SUPPLIED DATA:

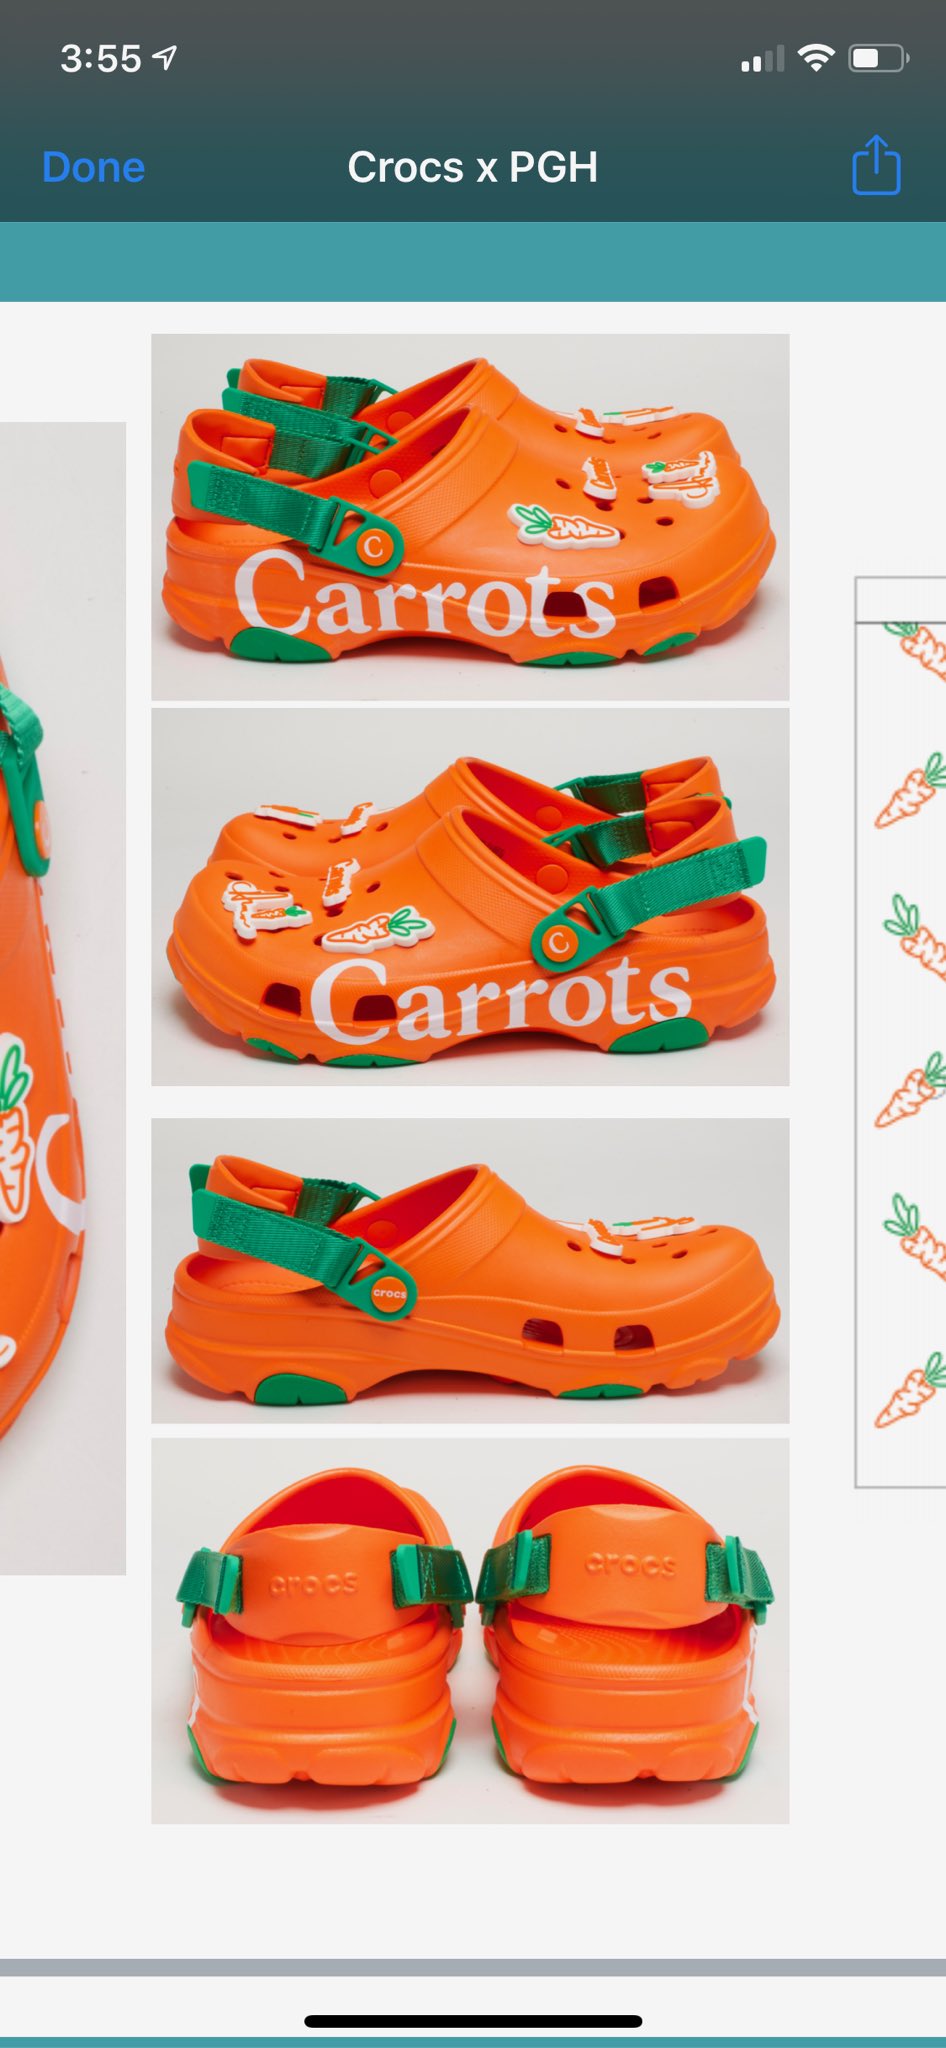 carrots crocs collab
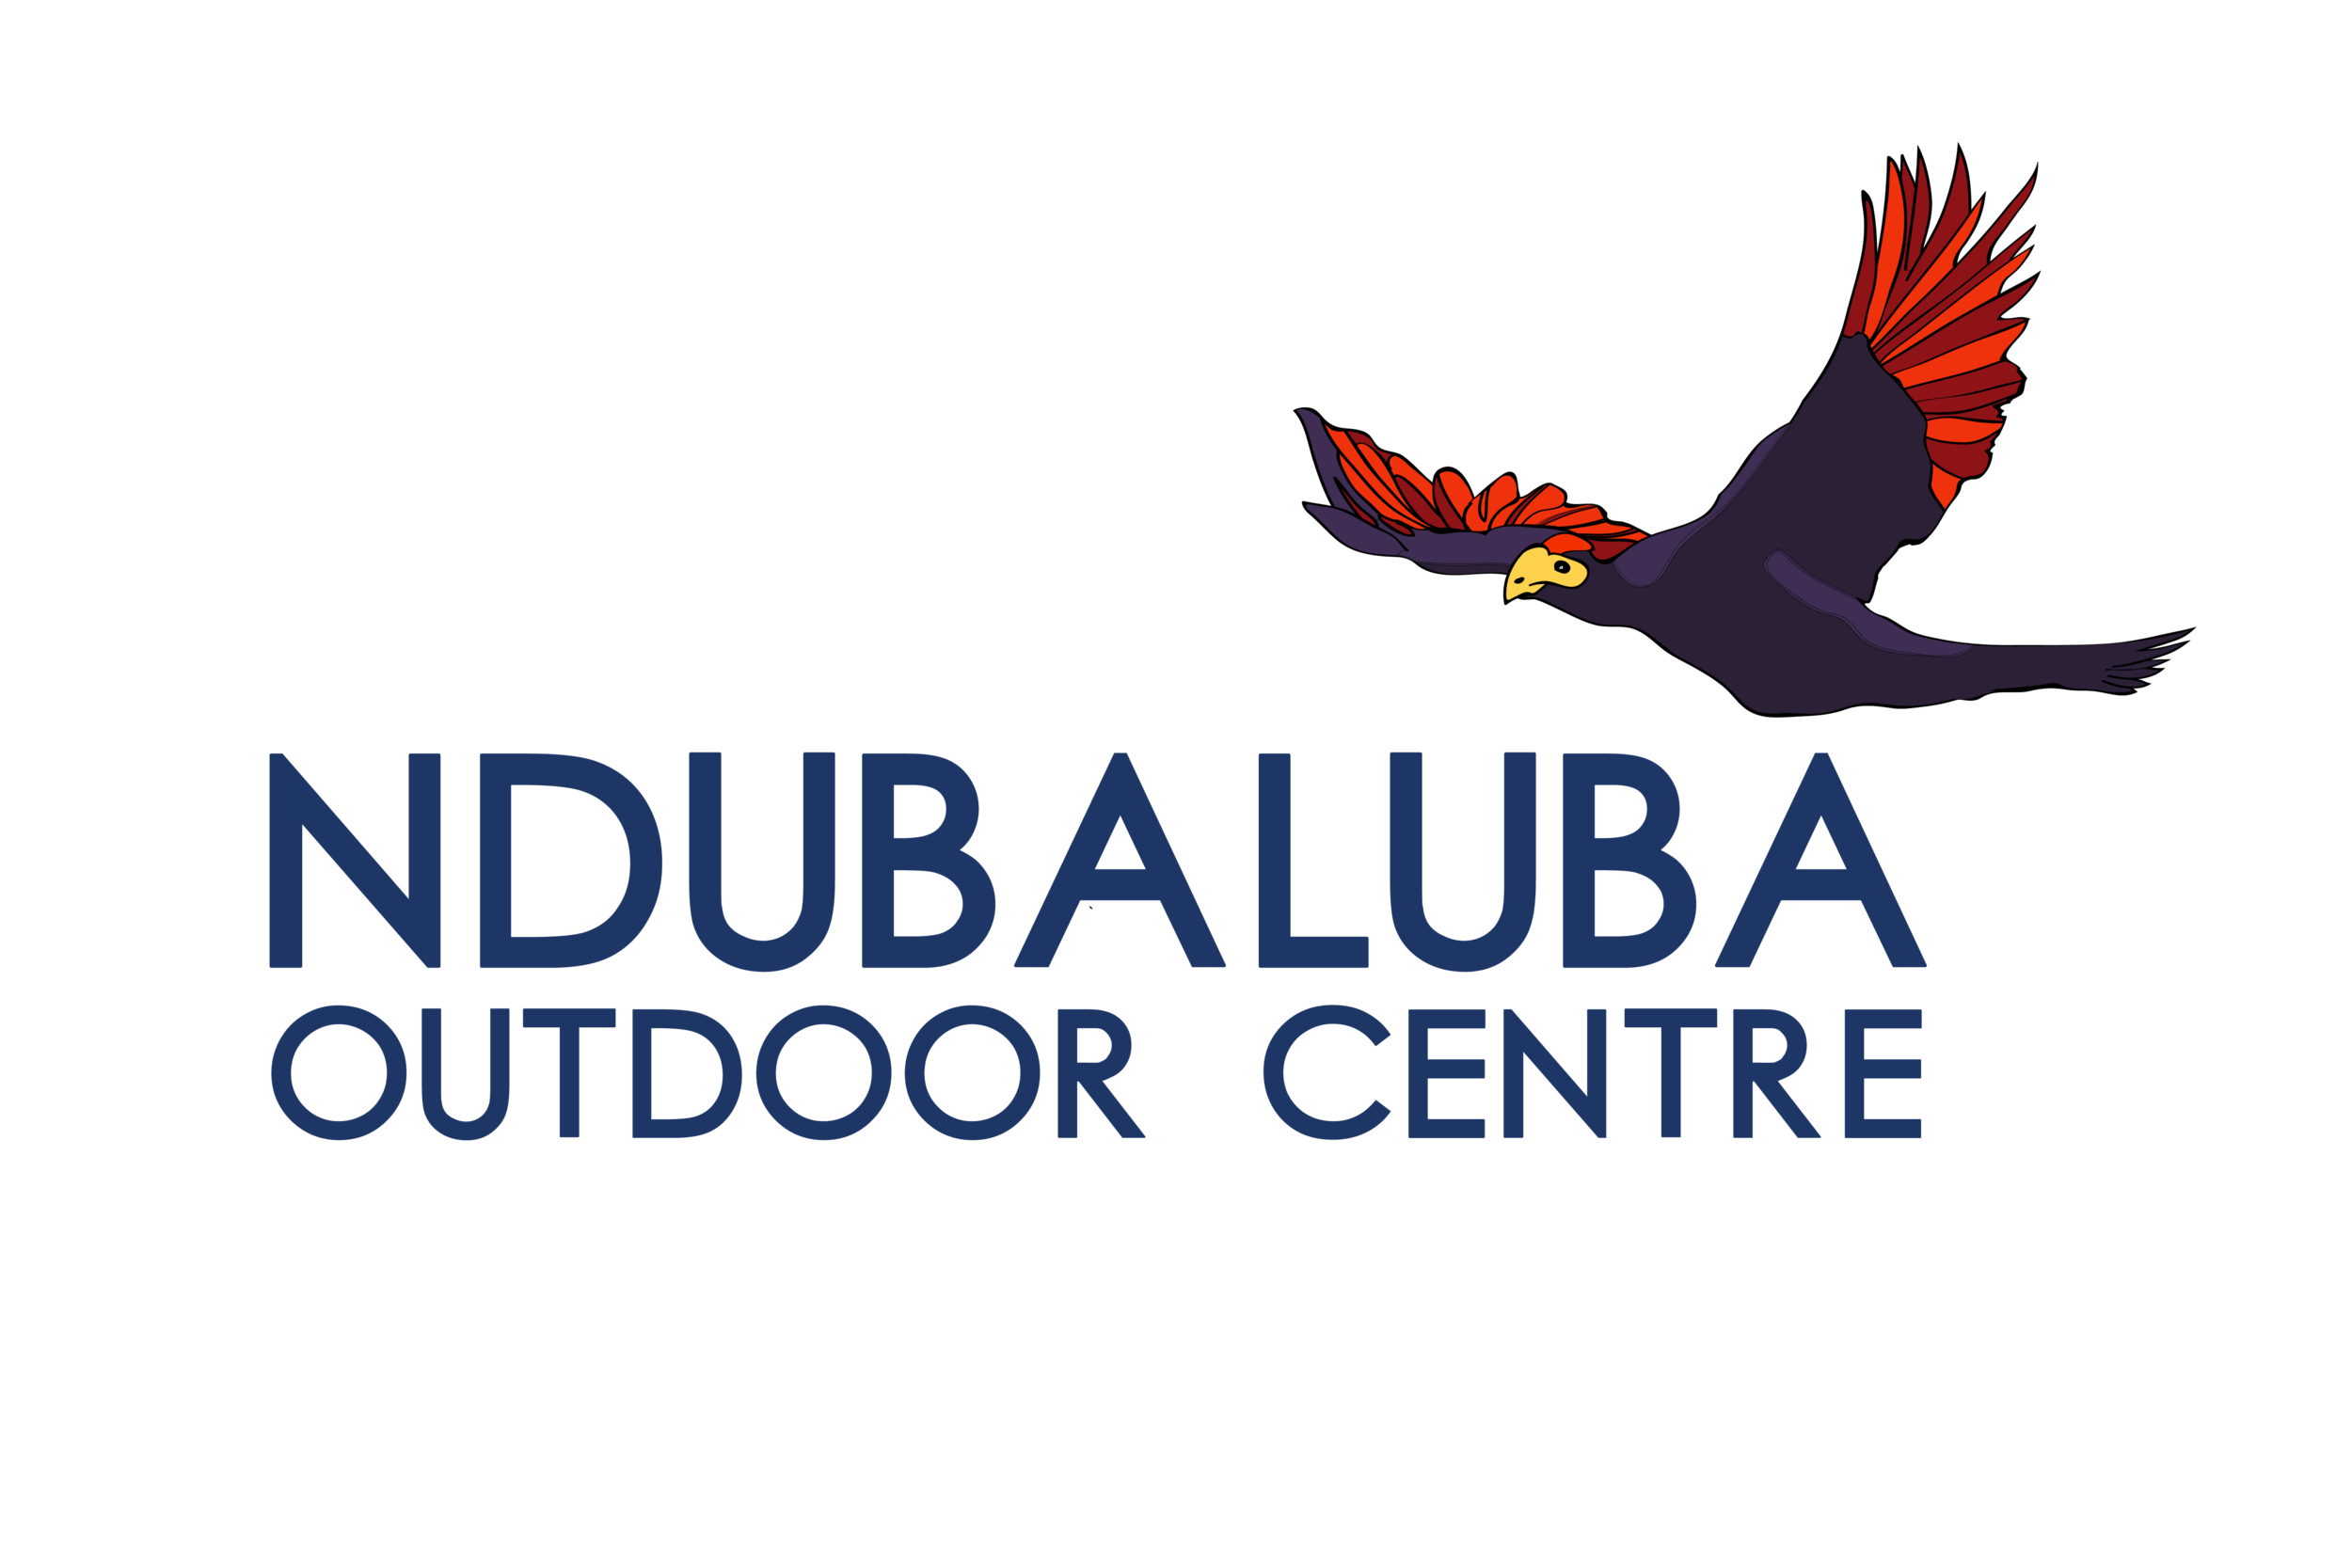 Ndubaluba Outdoor Centre
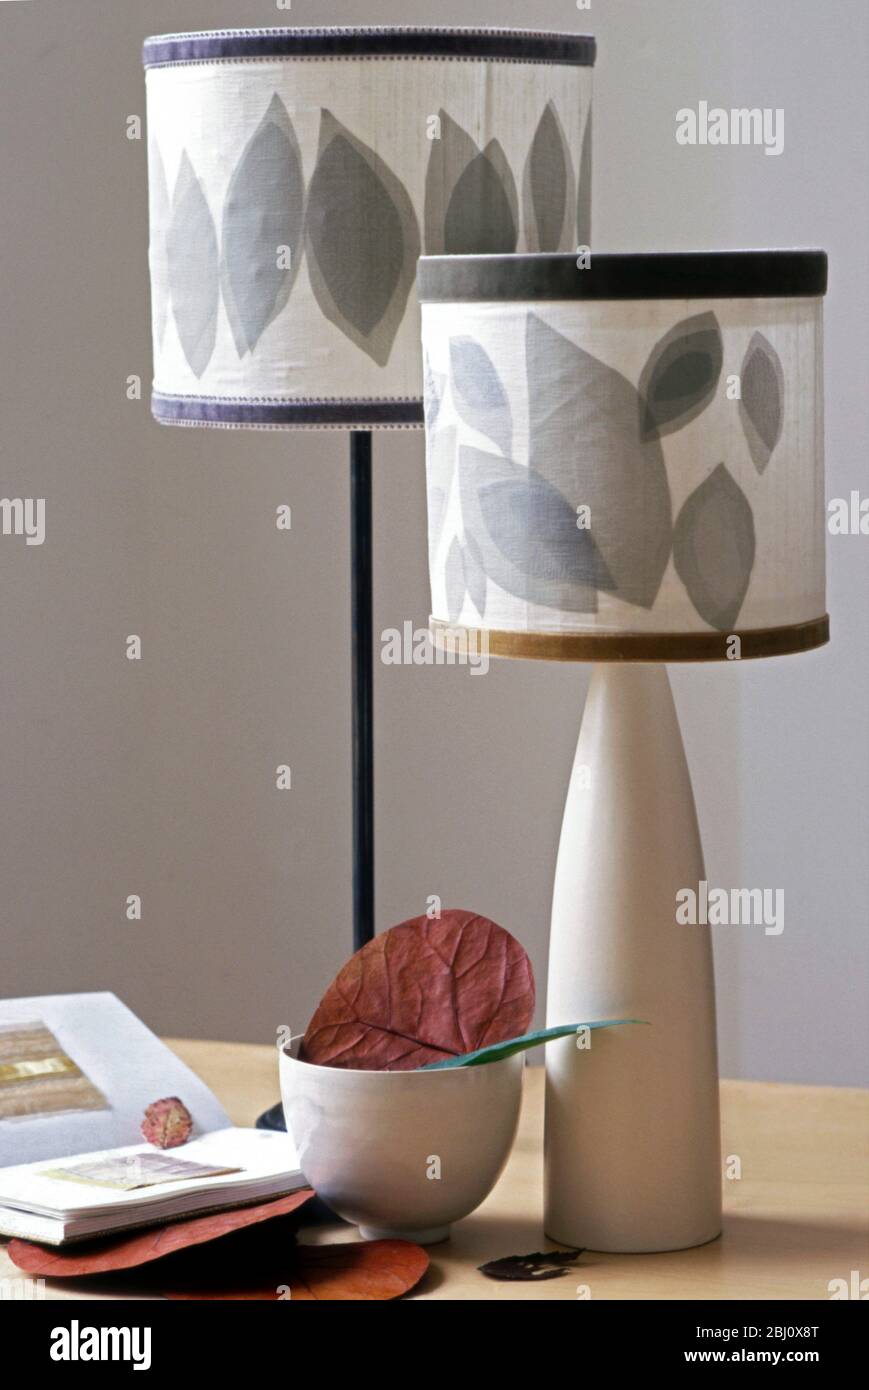 Lampes modernes avec des nuances en couches de différentes couleurs organza coupées en formes de feuilles dans le cadre intérieur - Banque D'Images

PROMPT:
Write out the listing above in full, word for word, with no pictures.

SOLUTION FOR THIS PROBLEM:
 carrots crocs collab
 Ndubaluba Outdoor Centre
 Lampes modernes avec des nuances en couches de différentes couleurs organza coupées en formes de feuilles dans le cadre intérieur - Banque D'Images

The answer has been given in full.